Título: Porta do Congresso vira uma 'feira' por causa de protestos
Autor: Rocha , Janes
Fonte: Valor Econômico, 01/07/2008, Internacional, p. A10
A nova cara do movimento em torno do aumento de impostos sobre as exportações de grãos na Argentina é mais parecida a uma feira. Depois de cem dias de greves e tensão, com caminhões e tratores atravessados nas estradas no interior das Províncias e panelaços nos centros urbanos, as manifestações pró e contra a medida foram transferidas para a porta do edifício do Congresso Nacional, no centro de Buenos Aires.
Foi depois que a presidenta Cristina Fernández de Kirchner decidiu enviar a polêmica Resolução 125 para aprovação do Congresso Nacional. Assinada pelo ex-ministro da Economia Martín Lousteau em 11 de março, a resolução alterou o sistema de tributos sobre as exportações de soja, milho e girassol, aumentando as alíquotas e tornando-as móveis de acordo com a evolução dos preços internacionais dos grãos - quanto mais sobem os preços, maiores são as alíquotas. A medida foi rejeitada pelos agricultores, gerando a maior crise política dos últimos cinco anos no país.
Há uma semana, grupos ligados aos ruralistas e aos movimentos sociais que apóiam o governo e defendem a medida, ocupam as três praças (Lorea, Mariano Moreno e a Plaza del Congreso) que dividem a área em frente ao edifício que abriga o Legislativo argentino, para marcar posição e pressionar os deputados. Ali montaram ao todo sete barracas (cinco das organizações que apóiam o governo e duas dos ruralistas). Também instalaram um enorme boi inflável azul, apelidado de "Alfredito", em homenagem ao líder do movimento ruralista contra as retenções na Província de Entre Ríos, Alfredo de Angelis.
Atraídos pela agitação e pela presença de equipes e carros de todas as principais emissoras de TVs e rádios do país, turistas e curiosos se misturam aos manifestantes que fazem plantão dia e noite no local, em esquema de revezamento. Ontem à tarde, Raul Castells, um conhecido "piquetero" dos tempos da crise de 2002, dirigente do Movimento Independente de Aposentados e Desempregados (MIJD na sigla em espanhol) dava uma entrevista à TV criticando o governo.
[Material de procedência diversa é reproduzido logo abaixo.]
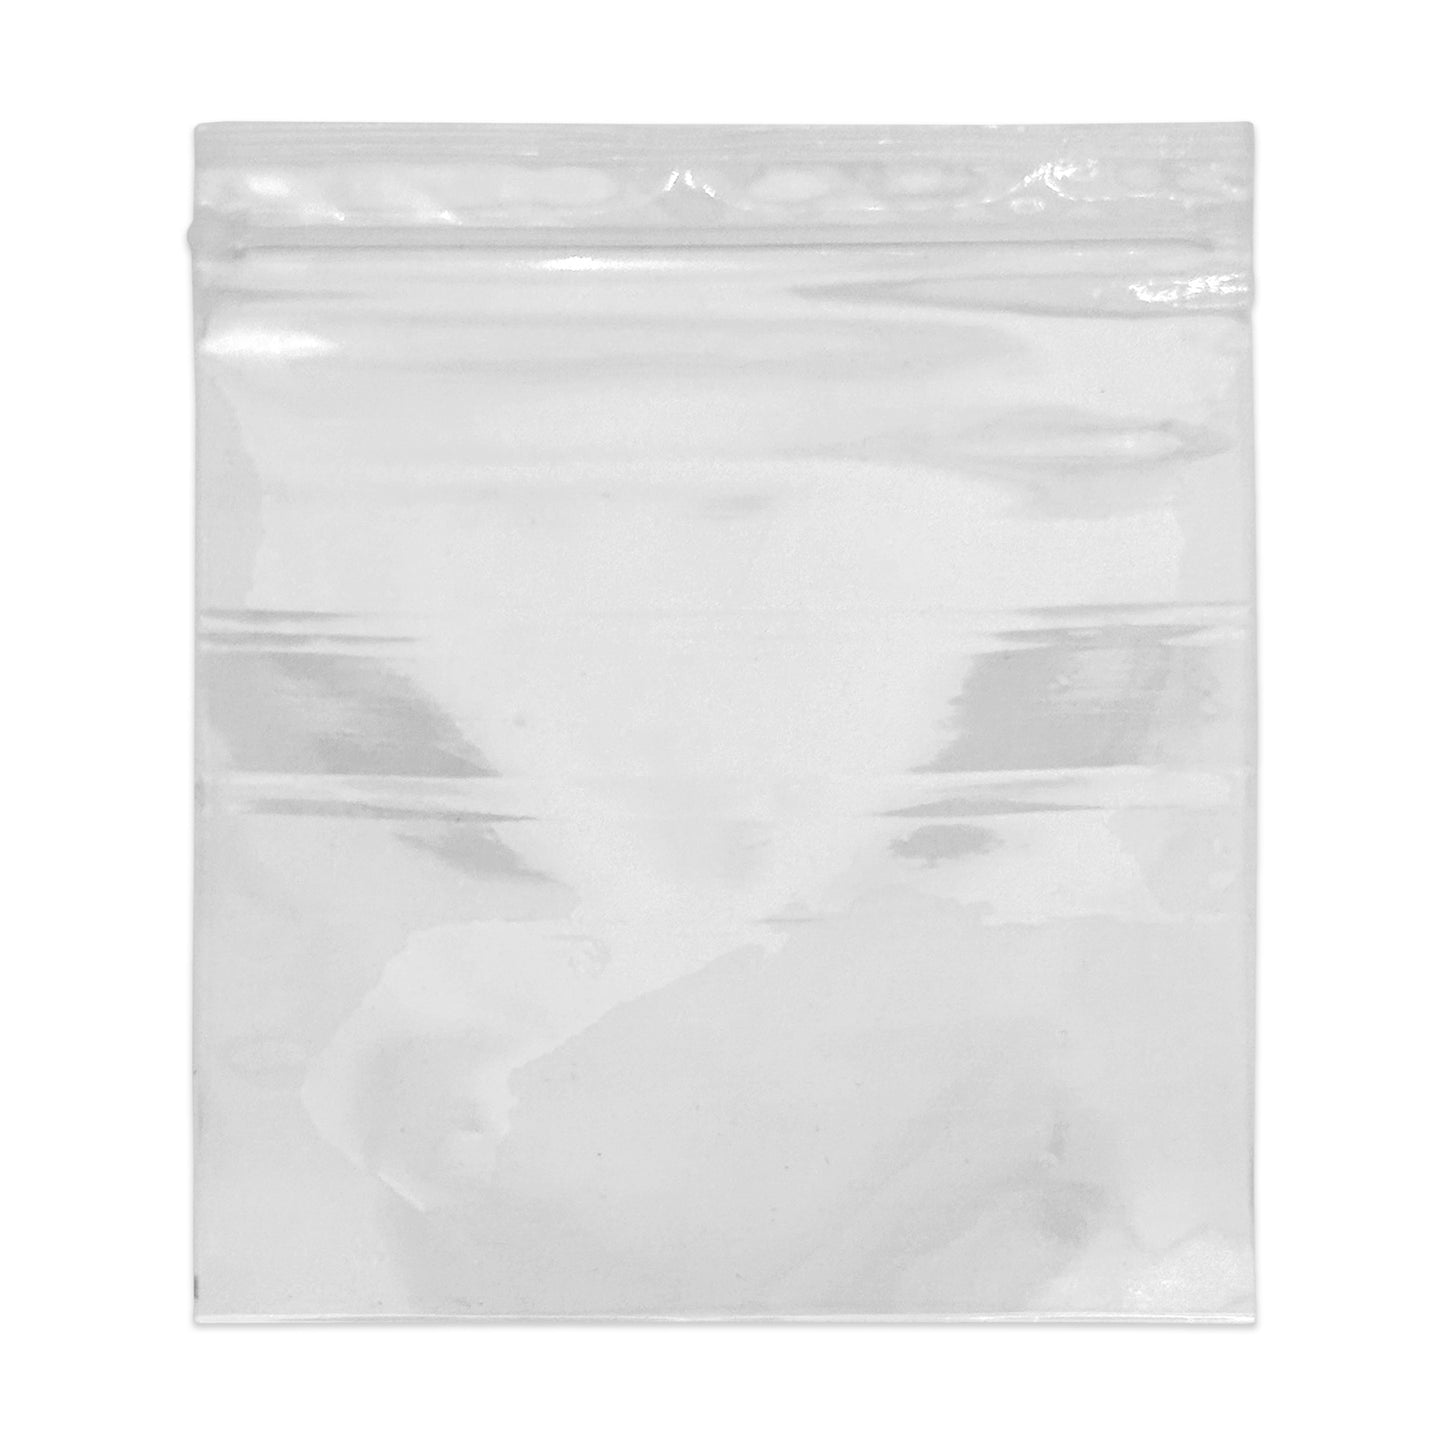 3 15/16" x 5 15/16" Resealable 2.5 Mil Thick Clear Zip Plastic Bag

Às barracas dos manifestantes diretamente interessados no assunto, se somaram, este fim de semana, outras duas que pegam "carona" na concentração na área. São os grupos da Igreja Evangélica e de um movimento de defesa dos direitos dos indígenas. "Queremos de volta nossas terras", dizia Gabino Zambrano, líder indígena, em uma entrevista à TV.
"Queremos informar melhor as pessoas sobre a nossa posição", disse ao Valor Florencia Villar, 19 anos, estudante de Sociologia na Universidade de Buenos Aires. Militante da Cámpora, Florencia distribuía panfletos chamando para as palestras organizadas na barraca da organização. Mais empolgado, Federico Gonzalez, um jovem de 23 anos, estudante de Ciência Política na Universidade de Moreno, explicava sua presença na barraca do grupo JP Evita, a mais bem localizada em frente ao Congresso: "Essa é parte da nossa batalha em defesa de um modelo de país". Cámpora e JP Evita são duas das maiores e mais radicais organizações de apoio ao governo do casal Kirchner.
Na barraca dos ruralistas, a mais distante da porta do Congresso, o presidente Luis Inácio Lula da Silva inspirava os manifestantes. Um recorte de uma matéria publicada no jornal "Clarín", falando do programa de incentivo ao setor rural brasileiro, no valor de R$ 50 bilhões, estava à exposição na entrada de uma das duas barracas. "Nunca houve nada parecido na Argentina", dizia Helio Martinez militante pró-agricultores.
O governo quer aprovar a resolução no Congresso sem nenhuma alteração, enquanto os ruralistas pedem que se reduzam as alíquotas. Embora o governo tenha ampla maioria nas duas Casas, a vitória não é certa. Em uma pesquisa feita pelo jornal "Clarín", de 156 deputados (num total de 257), 91 afirmaram que vão votar contra o projeto do governo, 55 se disseram a favor e 10 afirmaram que ainda não haviam tomado uma decisão a respeito.